How I Learned to Program - b14ck
http://rdegges.com/how-i-learned-to-program
======
cletus
The one point I really disagree on is Linux.

Sure learning Linux will most likely teach you something about the platform on
which anything you write will probably be deployed but that's really marginal
(IMHO).

You get things done (programming included) by getting all the roadblocks out
of your way. Linux is (IMHO) a roadblock. The OP claims it teaches you
researching skills by giving you problems everyday you need to find solutions
for. This is true in the same way that refusing to buy food of any kind
teaches self-sufficiency.

To get things done you need to get in the zone. This means eliminating
distractions. Trying to figure out why copy and paste doesn't work (and it
turns out that it's because you're using OpenJDK instead of the Sun JDK) very
much takes you out of that zone and then wastes time to boot.
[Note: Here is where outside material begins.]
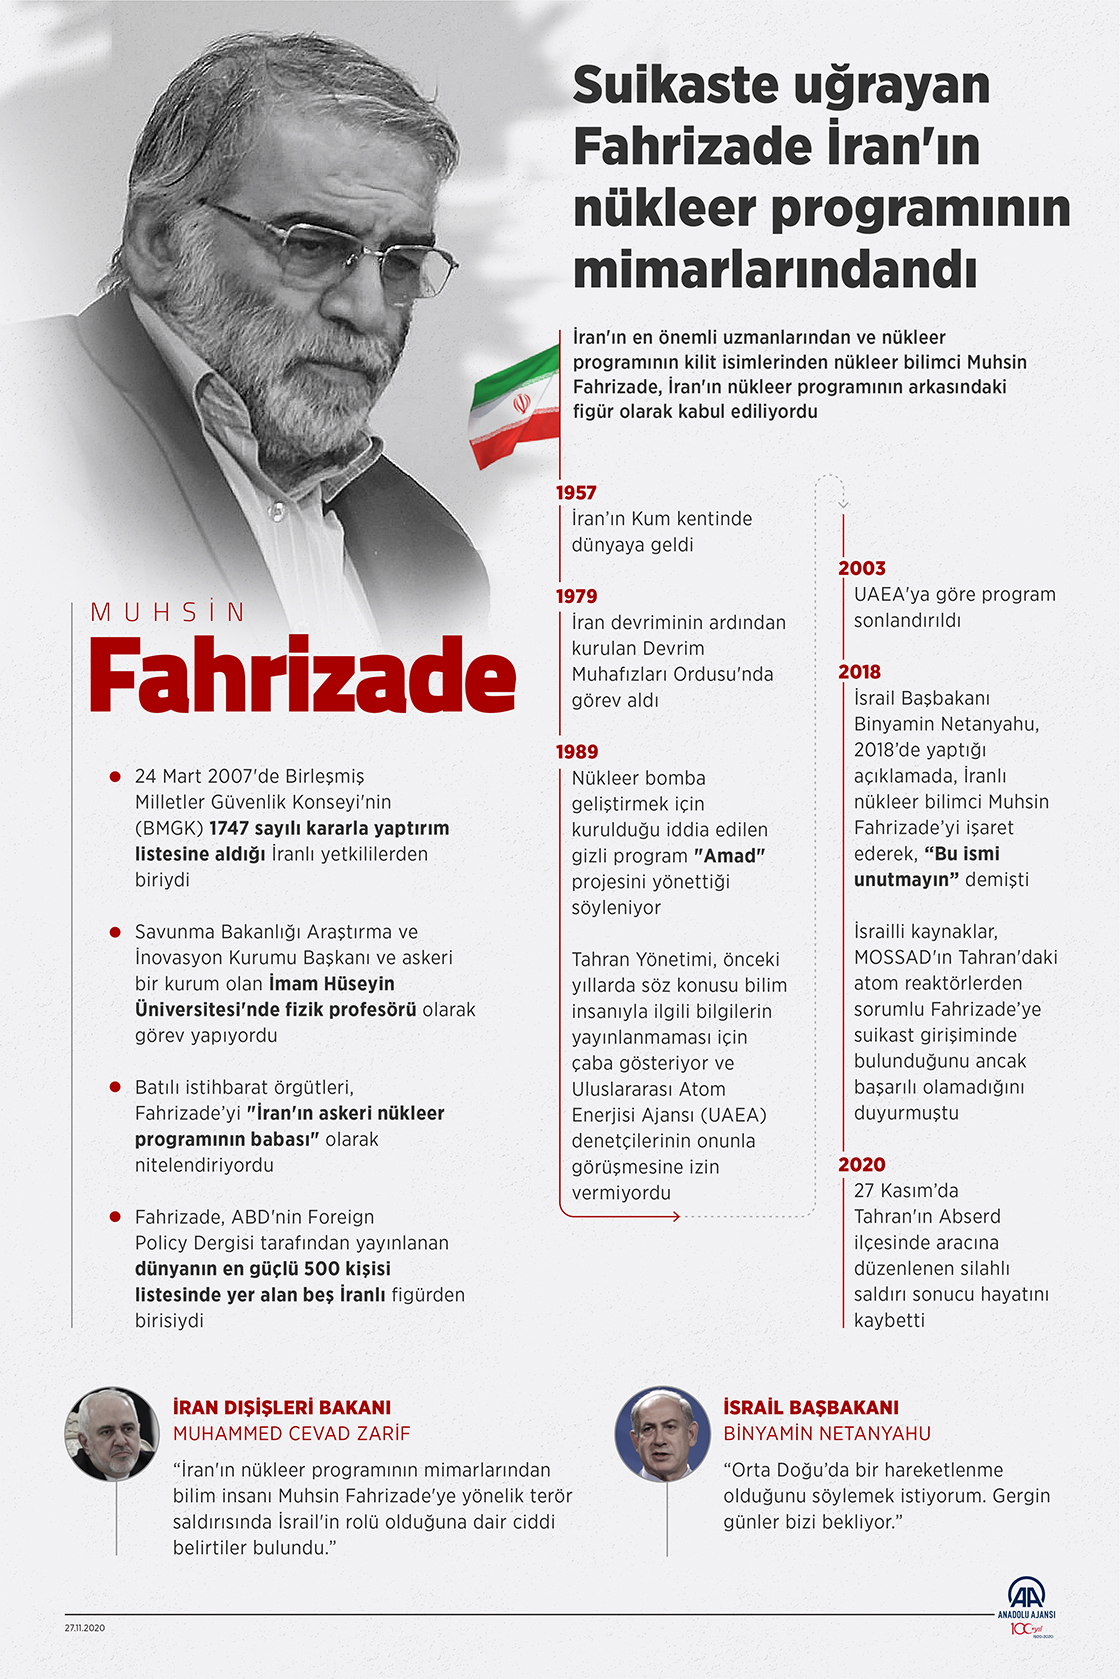 Suikaste uğrayan Fahrizade, İran'ın nükleer programının mimarlarındandı
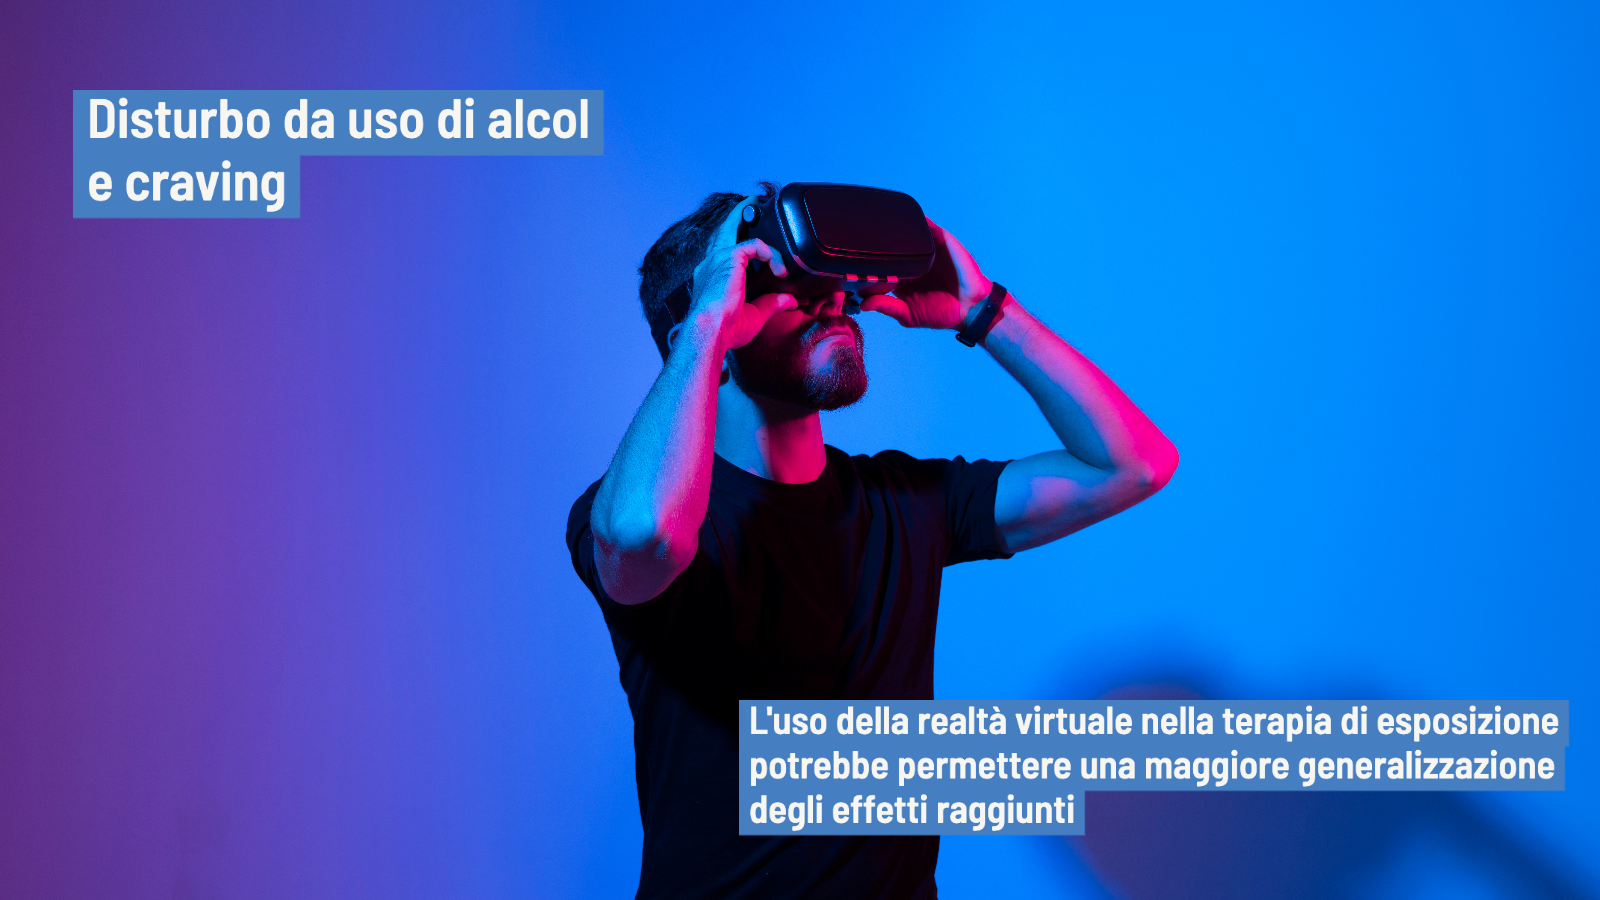 Disturbo da uso di alcol: la realtà virtuale per valutazione e trattamento

This might be more useful later on (maybe) but learning to programming? No
way.

To me, the best development platform is OSX. Why? Because it's (BSD) UNIX that
is a pleasure to use that (mostly) doesn't have the aforementioned problems.
My only real beef is that if you're used to using a program on Linux or
Windows the keyboard shortcuts will generally be different on OSX (due to
following the OSX conventions).

And as much as people (myself included) like to rag on Windows (in my case:
the complexity), the fact is that modern Windows (Win7) is actually a pretty
pleasant experience. Some things (eg git) suck but Cygwin can ameliorate a lot
of those problems.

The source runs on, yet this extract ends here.